Place water into a large stockpot. Add the Minestrone Soup Mix and simmer for 1-1/2 hours _(took me about 45min for desired tenderness)_. Remove the skin from the sausage. In a medium skillet, brown the sausage, breaking it into small pieces. Add to soup. Heat 15 minutes to blend flavors.

This recipe came off the Preparedness Brings Peace website.


----------



## ashley8072

Ok, back on track from the holidays. Hopefully finish up moving in the next day or two. FYI, preppers moving is a very long progress. lol! 

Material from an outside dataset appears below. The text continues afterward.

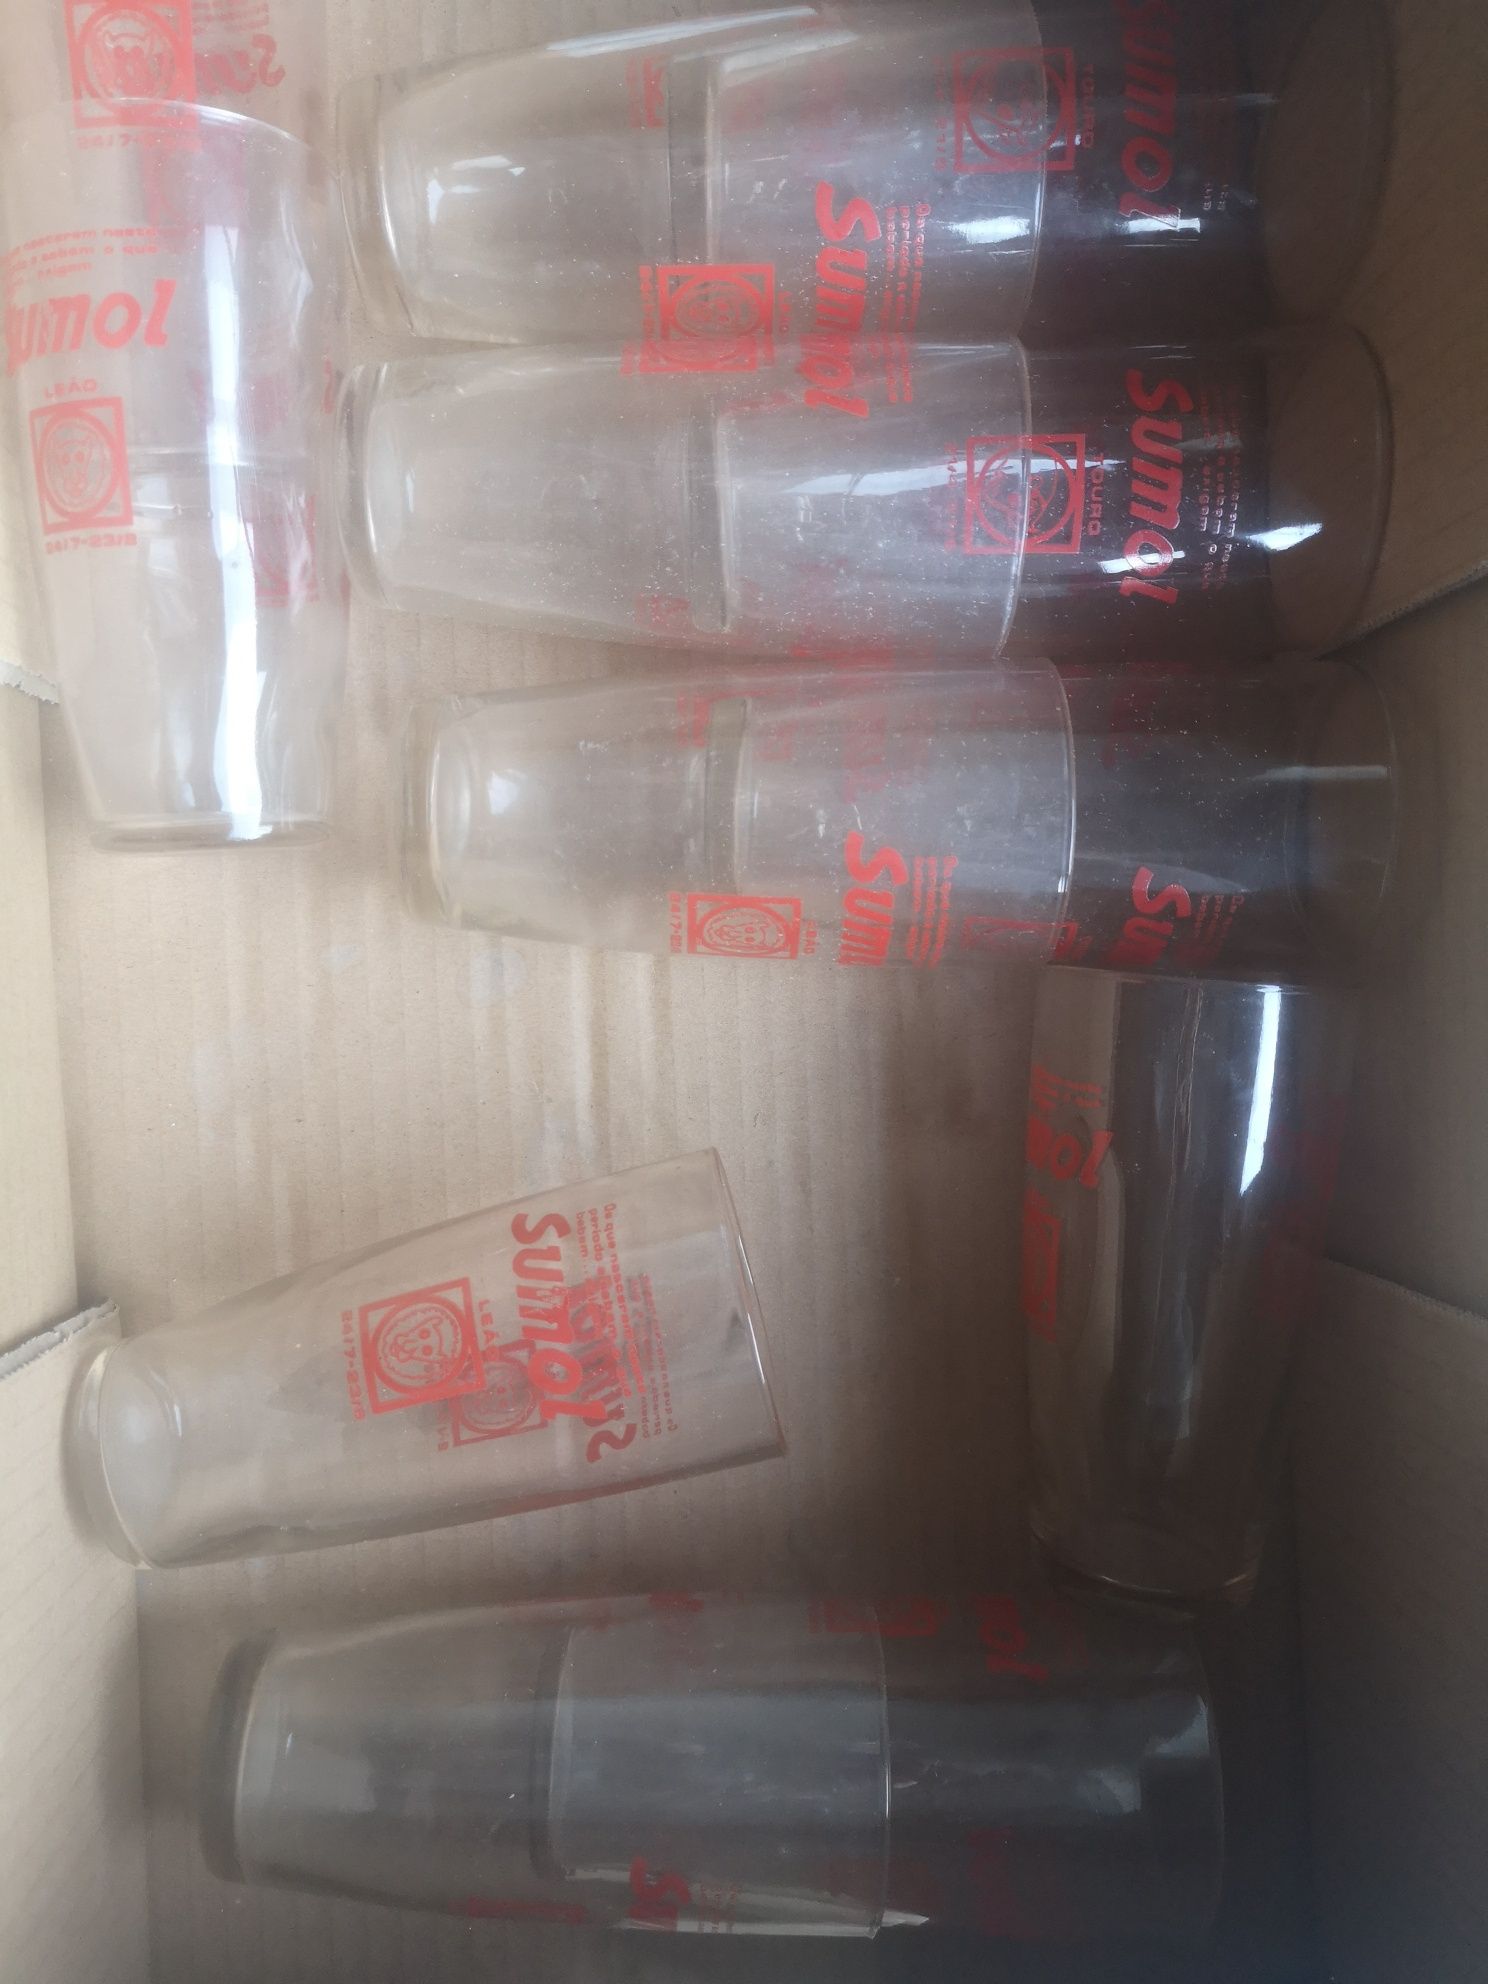 11 copos sumol vintage

I don't have a meal to post this time, but I did find a nice little Hot Cocoa mix. I've never made my own hot chocolate mix and I was very pleased with this one. 

This is for a Quart

Hot Cocoa Mix in a jar

6 c. instant dry milk
1 1/2c. sugar
1 c. Cocoa
*optional 1 1/2c miniature marshmallows (i bought some choc ones a month ago at walmart)
*optional 2 tbs caramel chips (i sliced up caramel pieces. that sucked. ill buy them if i see them next time)


----------



## CulexPipiens

Here's a whole site with a bunch of recipes all based on meal in a jar. In this case the person is a Thrive consultant and obviously the meals are based around their products but could easily be changed if you have your own dehydrated foods.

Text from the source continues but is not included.